Kushner remained fiercely loyal to his father throughout, flying down Sundays to Alabama for more than a year to visit his father in federal prison. Still less well known is the nature of the prosecution.  Here’s the way that Gary Silverman described it in the Financial Times:

“Not only had the elder Kushner admitted to filing false tax reports, he also acknowledged hiring a prostitute to seduce his sister’s husband so the encounter could be filmed by private detectives in his employ. The tape was then sent to his brother-in-law and sister’s home in an ill-fated attempt to stop them from helping prosecutors.’’

So much for meeting the top guys inside the Trump White House.  Over the next few weeks, there will be a steady stream of news about nominations and appointments.  After Jan.  20, the next four years will be a constant tussle between Trump and the “elite’’ he despises — the press and, of course, mainstream economists of both parties in particular. Martin Feldstein and Lawrence Summers have already weighed in. Expect appointments to the Federal Reserve’s Board of Governors to give him the most trouble.   After that come, in no particular order, foreign relations, national defense, domestic policing, health care, Social Security, tax reform, global warming and trade.

Only slightly less interesting is the contest for leadership of the Democratic Party. Tim Ryan, 43, of Ohio, announced he would challenge Minority Leader Nancy Pelosi, 76, of California, for the top Democratic leadership spot in the House. The eight-term congressman was at first judged to be a longshot – Pelosi has led Congressional Democrats for nearly fourteen years, longer than former House Speaker Thomas P. “Tip” O’Neill Jr. 

 

 But Ryan has succeeded in delaying a vote.  In fact the choice would seem to be a no-brainer. The Democrats have lost 60 seats from the majority they held in 2009.  As WBUR broadcaster Jack Beatty observed, the average home price in Ryan’s heavily Democratic district, which includes Akron and Youngstown, is around $50,000; in the San Francisco district that Pelosi represents, it’s $1.1 million. Pelosi’s net worth is more than $100 million; Ryan’s is around $200,000   A vote is scheduled for Nov. 30.
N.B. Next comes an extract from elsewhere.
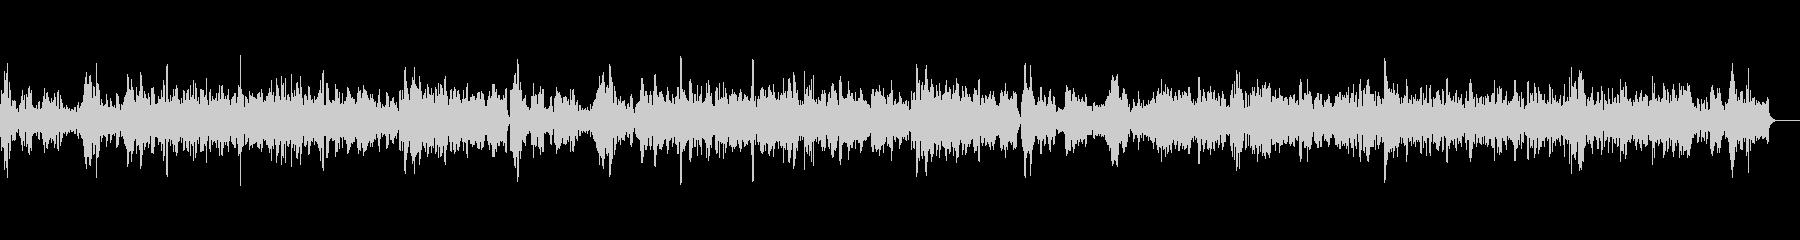 教会に響き渡るバイオリン独奏曲4の未再生の波形

Donald J. Trump is certainly smart enough to be president, but in one respect he is especially ill-equipped for the job’s most important requirement – that of narrator-in-chief.  It always seemed likely to me that had Hillary Clinton been elected, she would serve only one term.  My guess is the same of Trump. Should he choose not to run, the GOP has Mike Pence, Paul Ryan, Ben SasseTom Cotton, and, yes, Ted Cruz.  Competitive Democratic candidates have yet to emerge. Sooner or later, calm opposition to the accidental president can be expected to put the Democrats back in the White House. The redistricting game takes longer.

 

David Warsh,  a veteran financial journalist and economic historian, is proprietor of Somerville, Mass.-based economic principals.com, where this first ran.